In my thirty-something years of living in NZ, I have eaten a lot of pies. More than a hundred, less than a thousand. I love pie.
In New Zealand, the word pie usually refers to a meat pie, not the fruit pie you might find in the US. My pie of choice is the mince and cheese pie. With golden pastry, beef mince, gravy and a oozy layer of melted cheese, it’s a classic. Found in every school tuck shop, dairy, lunch bar, bakery and cafe across the country, this humble meal is portable, cheap and filling.
A fond pie memory: my 9th birthday party at the newly opened Rotorua Georgie Pie. Georgie Pie was a pie franchise that was KILLIN’ IT in the early ‘90s. Their $1 mince and cheese pie, a hand-held square in a paper sleeve. I thought it was the best thing ever. When we moved to Auckland the following year, we quickly located our closest Georgie Pie on Glenfield Road and made it our local. Loyal.
Like any ubiquitous food, the quality of mince and cheese pies found in the wild truly runs the gamut. The standard of pies has come a long way in the last few decades. Since Georgie Pie. They’ve gotten better overall, but you can still stumble across a piss-poor pie. Pies are not well known for quality ingredients which is why it’s super rewarding to make your own. You want something done well? You do it yourself.
I’ve shared a few different pie recipes on this blog, but I realised I’ve never posted a mince and cheese. Use the best beef mince and good quality cheese you can find. You will not regret it. I’m not one to brag, but this pie is the best mince and cheese pie I’ve ever eaten. Easily.
I used premium quality beef mince (ground beef) and a block of havarti cheese for this recipe. Mum used to buy havarti in the ‘90s but I had forgotten about it for years. It’s semi-soft Danish cheese, looks a bit like a block of butter and melts like a dream. Feel free to sub any cheese of your liking, a quality mozzarella would be bomb.
You’ll need 4 x 12cm pie tins for this recipe, and a 16cm diameter plate or bowl to as a stencil for the bottom pieces of pastry.
Mince and havarti pies
- 2 tablespoons cooking oil
- 1 onion, diced
- 500grams (1 lb) premium beef mince
- 3 cloves garlic, finely chopped
- 2 tablespoons plain flour
- 1 tablespoon Worcestershire sauce
- 1 tablespoon tomato paste
- 1 cup beef stock
- 1/2 teaspoon salt
- Freshly ground pepper
- Cooking spray (or butter)
- 200grams (7 oz) havarti cheese
- 4 sheets frozen butter puff pastry
- 1 egg yolk, beaten
To make the mince filling:
- Place a sauté pan on high heat and add cooking oil, once hot, add onion and sauté for 5 minutes tender. Add mince and garlic, breaking up the mince with a wooden spoon, cook for 10 minutes, stirring frequently.

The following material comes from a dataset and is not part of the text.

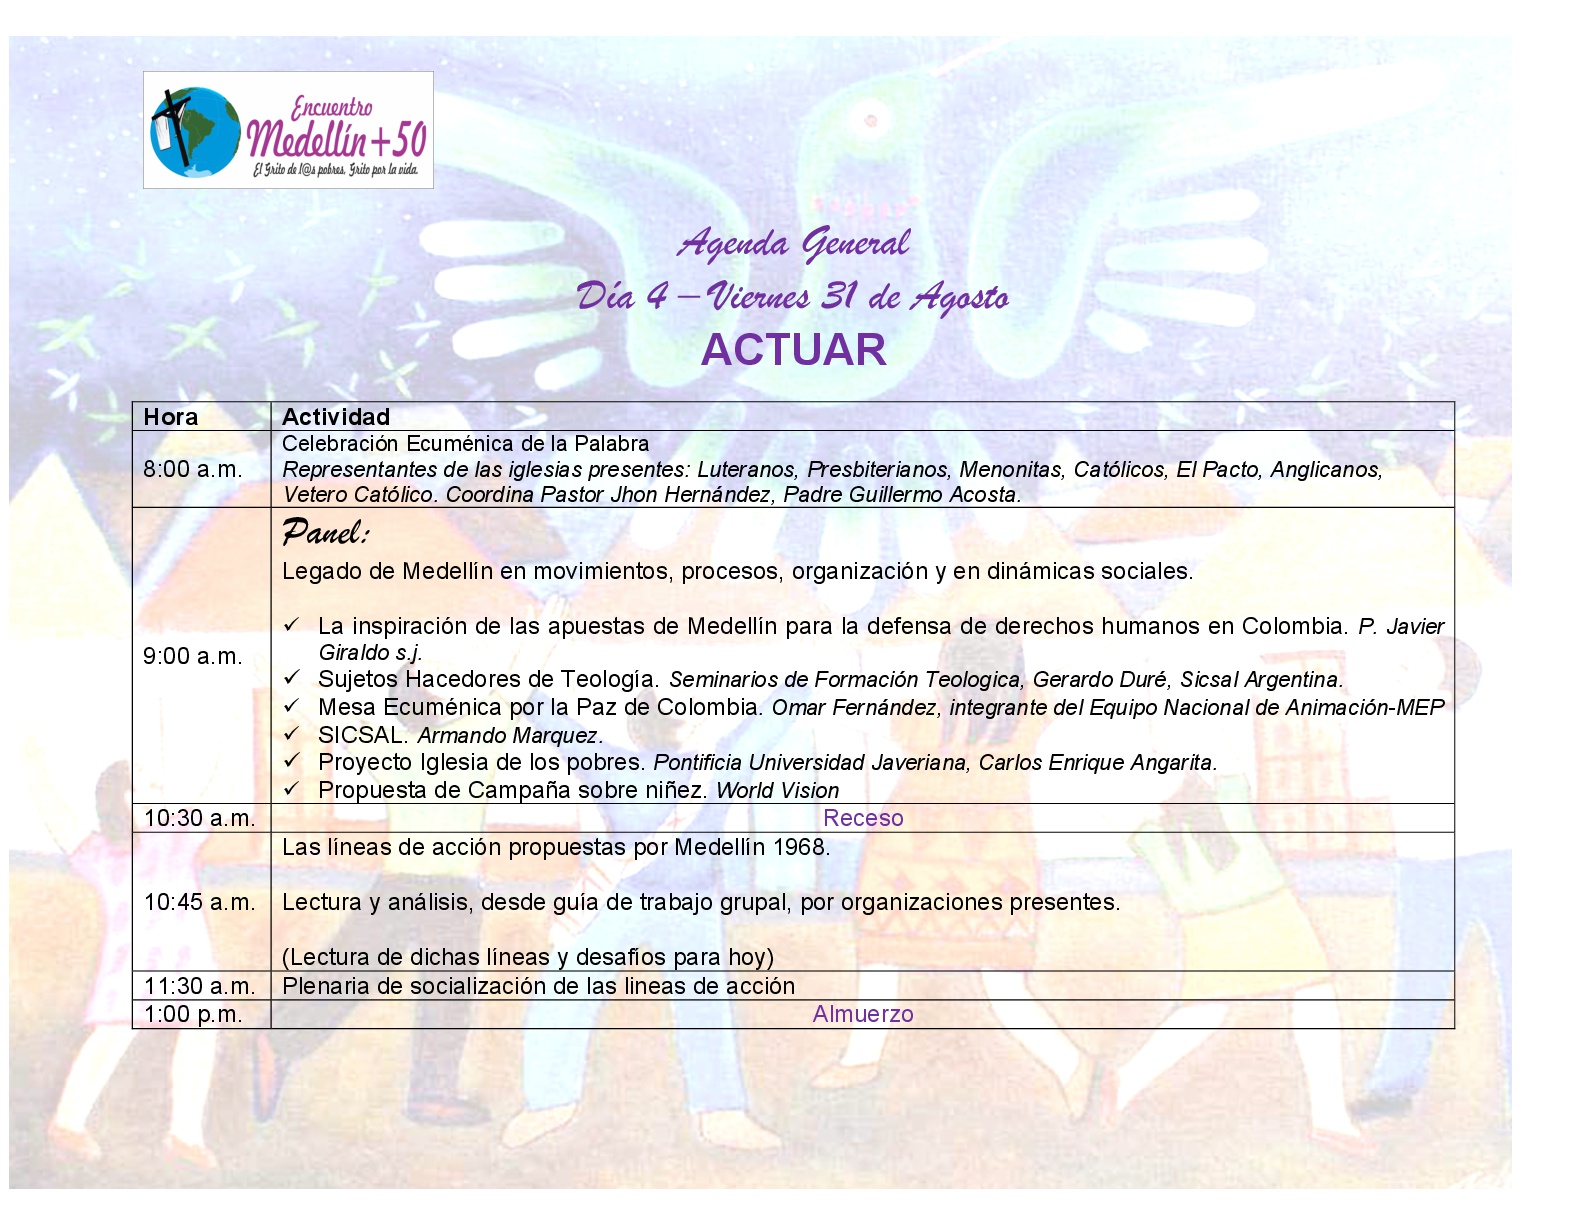 Agenda pdf.Medellin50.vf 23.Agosto.2018 007

- Add flour, Worcestershire sauce and tomato paste, stirring to combine. Cook for 2 minutes and then stir in beef stock, salt and pepper, scraping the pan to incorporate. Cover and turn heat down to simmer for 20 minutes, stirring occasionally. Remove from heat and cool before use (at least 20 minutes).
To assemble the pies:
- Pre-heat oven to 180°C (360F).
- Remove puff pastry from freezer.
- Spray 4 pie tins with cooking oil.
- Cut the havarti cheese into 4 even pieces and each of those pieces into 3 wide slices.
- Cut a 16cm round and a 12cm round from each sheet of pastry and carefully line each tin with the 16cm round. If you wish, using the offcuts, cut designs out with a knife or cookie cutter to use as decorative elements.
- Evenly divide the cooled mince filling between the tins and top with 3 slices of havarti each and top with a 12cm pastry round. Crimp edges to seal, adding optional pastry shapes for decoration. Poke holes across the top using the tines of a fork or a small knife and brush with beaten egg yolk.
- Bake for 30 minutes until golden. Carefully invert pies from tins and serve. It is advisable to always blow on the pie before consuming*.